Склон становился все круче, и стук молотка Макбрай-та звучал теперь почти без перерыва, отдаваясь в скалах раскатистым эхом. Впрочем, темп его подъема не замедлился, и мне опять припомнились слова Монро: Джеф, несмотря на возраст, был в хорошей форме. Даже в превосходной! Трудно поверить, что человек пятидесяти лет, пусть опытный и сохранивший крепость мышц, способен к таким усилиям! Опыт и выносливость для скалолаза необходимы, но это лишь первое из условий; второе – гибкость и координация движений, а тут уж возраст не обманешь. Но к Джефу это, кажется, не относилось.
Дождавшись, пока Фэй поднимется до трещины у первого клина, я пропустил трос в карабин на поясе и повернулся к Сиаду В скудном утреннем свете его лицо было словно сгусток тьмы, одушевленной только фарфоровым блеском белков.
– Полезешь, когда я доберусь до расщелины. Может, оставишь рюкзак? Втащим потом на канате. Еще ведь и клинья надо выдернуть…
Он покачал головой.
– Нет. Сил, дарованных Аллахом, у меня довольно.
Это была не похвальба, а констатация факта, подкрепленная уже знакомым мне чувством уверенности. Ее ментальная аура окружала Сиада и казалась столь же заметной, как свет электрического фонаря в безлунную ночь.

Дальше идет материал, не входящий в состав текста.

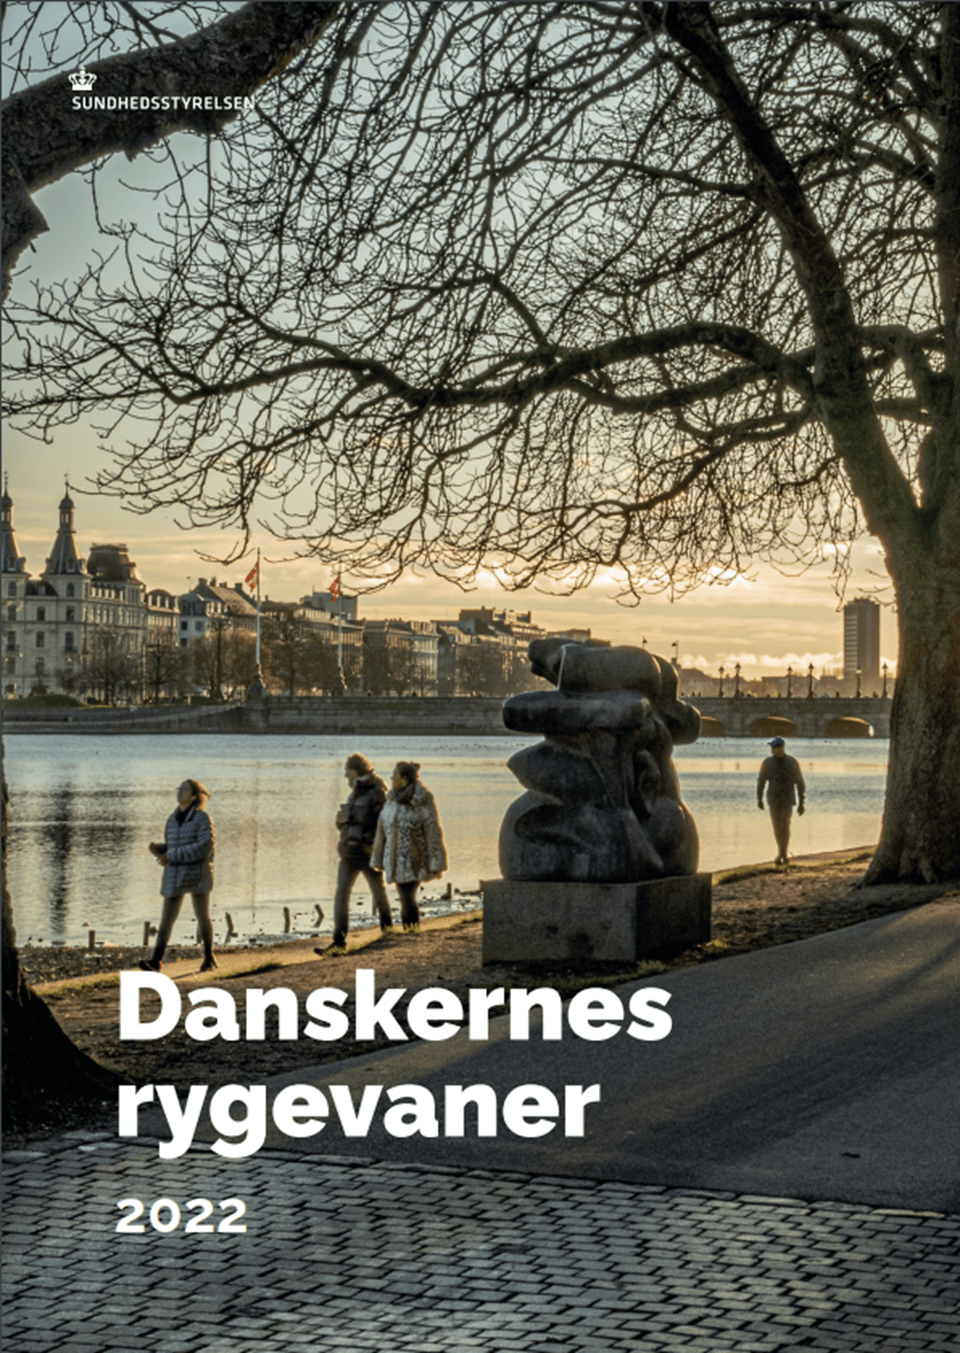 Danskernes rygevaner 2022

Кивнув, я натянул канат и начал восхождение. Это знакомая работа; лет семьдесят я лазаю по скалам и горам и сорвался лишь однажды, в юности, еще не завершив слияния с Асенарри. Забавный случай! В чем-то он мне помог, словно подсказка Вселенского Духа, желавшего намекнуть, кто я такой на самом деле… Давнее, очень давнее воспоминание! Само собой, в масштабах недолговечных землян.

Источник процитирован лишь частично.